On the one hand, I do think everyone is entitled to an opinion, though as GSF argue, not every opinion should be heard. I am grateful too to the GSF for what they have done to bring issues surrounding equality to the fore, outing discriminatory attitudes as the bane of humanity, which they are. A generation that does this, whilst being far better behaved than the generation before them – drinking in the under 30s is massively in decline – seems like a pretty level-headed generation to me.

That said, there is a ‘however’… The emergence of the ‘quick to be offended’ culture, as propagated by the GSF, I find exasperating. This is largely because it’s a factor I have to consider most days of my working life. As a journalist, I’m often called upon to write my opinion. As the point of an opinion is to spark debate, I’m aware there will be people who won’t agree with me. That doesn’t bother me and nor should it any journalist; it’s part of the job to be challenged and in turn to challenge others.

What bothers me, however, is how some people (the GSF) express their different opinions. They don’t say they just don’t agree with a writer – which they’re perfectly entitled to do. More often than not they claim they’re offended, and this offence then turns to outrage. This changes everything. It takes what could have been a mere debate and turns it into something far more weighty – it casts the writer in the role of evil baddie, intent on hurting people, and the reader of their nasty pros as an angelic defender of the human good.

This offence-taking is then documented, usually on Facebook or Twitter. It then spreads like wild fire. In minutes, re-tweets and shares have blown something fairly innocuous into a career-ending crisis. Often those spreading it have no idea what was originally said; they’ve just read someone else’s take on it and rolled with it because it was OUTRAGEOUS. The writer must then apologise and grovel – or face a lifetime of trolling...

This is my nightmare scenario. In fact, I live in fear of this happening to me most days that I work. And it’s ironic because my views are not what I would consider controversial.

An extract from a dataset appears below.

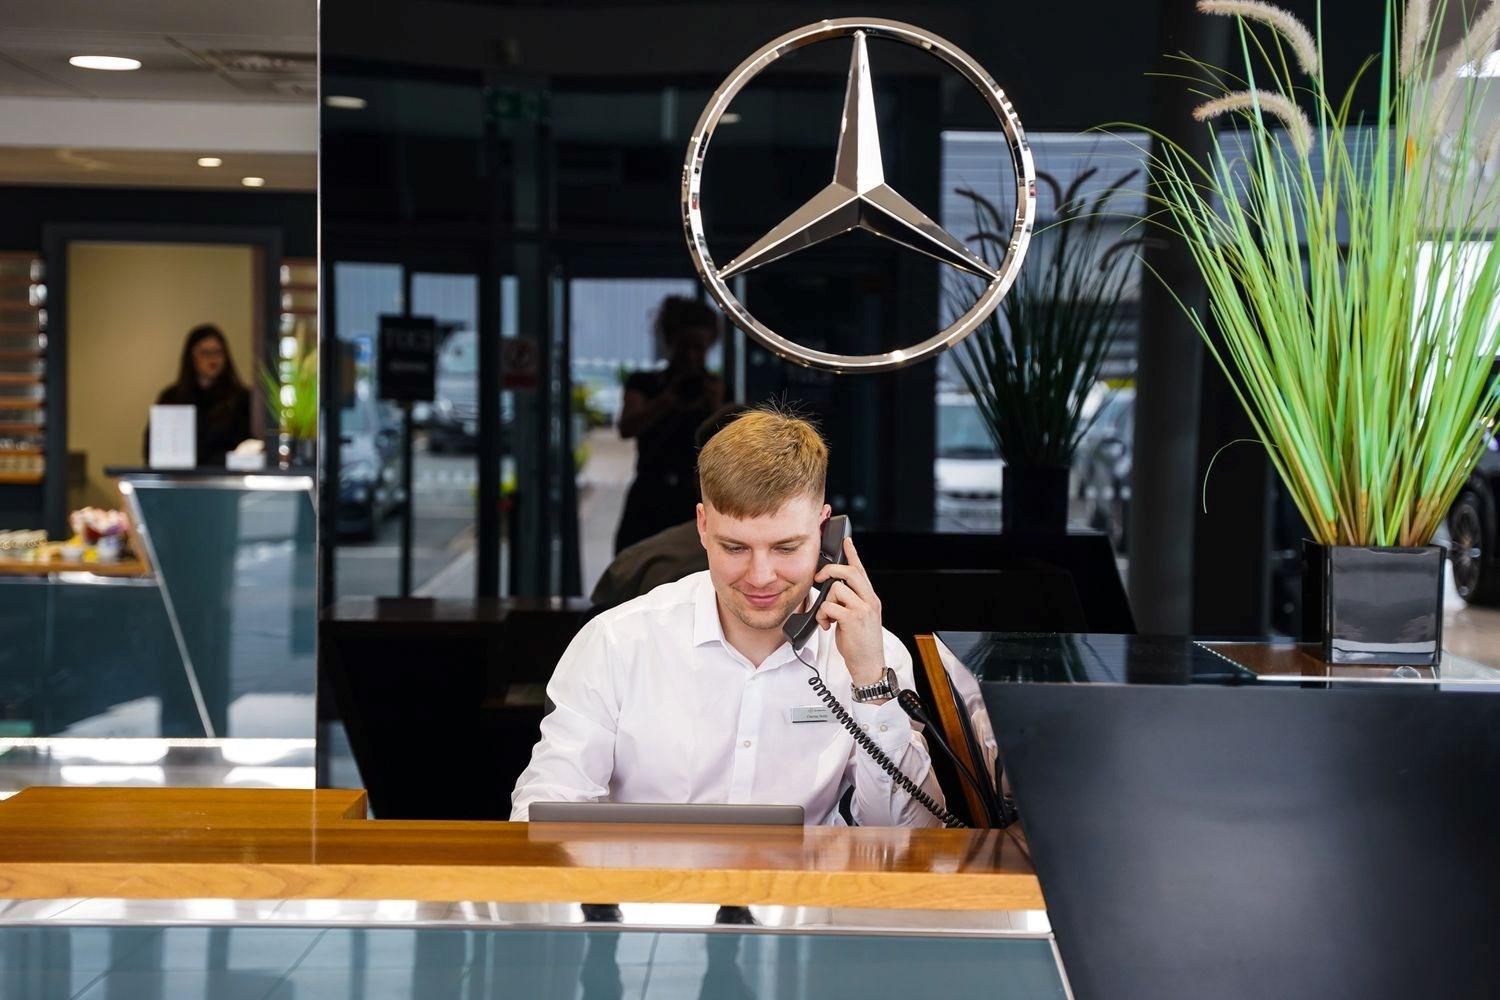 Mercedes-Benz Customer Service Specialist answers customer phone call in the Mercedes-Benz of Belfast showroom

Note here, I do not mean to say we shouldn’t react strongly (or quickly) to things that are actually – and obviously – wrong. If someone writes something that is racist, sexist, homophobic or purposefully discriminatory, in any way, then yes, come down on them like a ton of bricks; I’ll be the first to support you.

What I’m talking about are people sharing a different opinion, and getting utterly slated for it. Like, how did you vote in the EU referendum? And how did you view those who voted the other way? As people entitled to their own opinion as is advocated by our democracy? Or as something else (with a few expletives chucked in)?

I’m not saying I’m any different... I too get outraged by people who disagree with me. And that’s why I’m stuck on the fence here – between the conscientious GSF who fervently believing in ‘what’s right’, and the elder generation who accept that not everyone agrees with everything, and not all opposing views are worthy of outrage and derision.

I suppose it comes down to belief in humanity. I like to look for the good in people. Not because I’m any sort of do-gooder myself, but because I don’t like to think there are many people in the world who are wholly bad. With this in mind, when someone posits a view I don’t like, I tend not to take to social media to condemn them. That just feels like character assassination.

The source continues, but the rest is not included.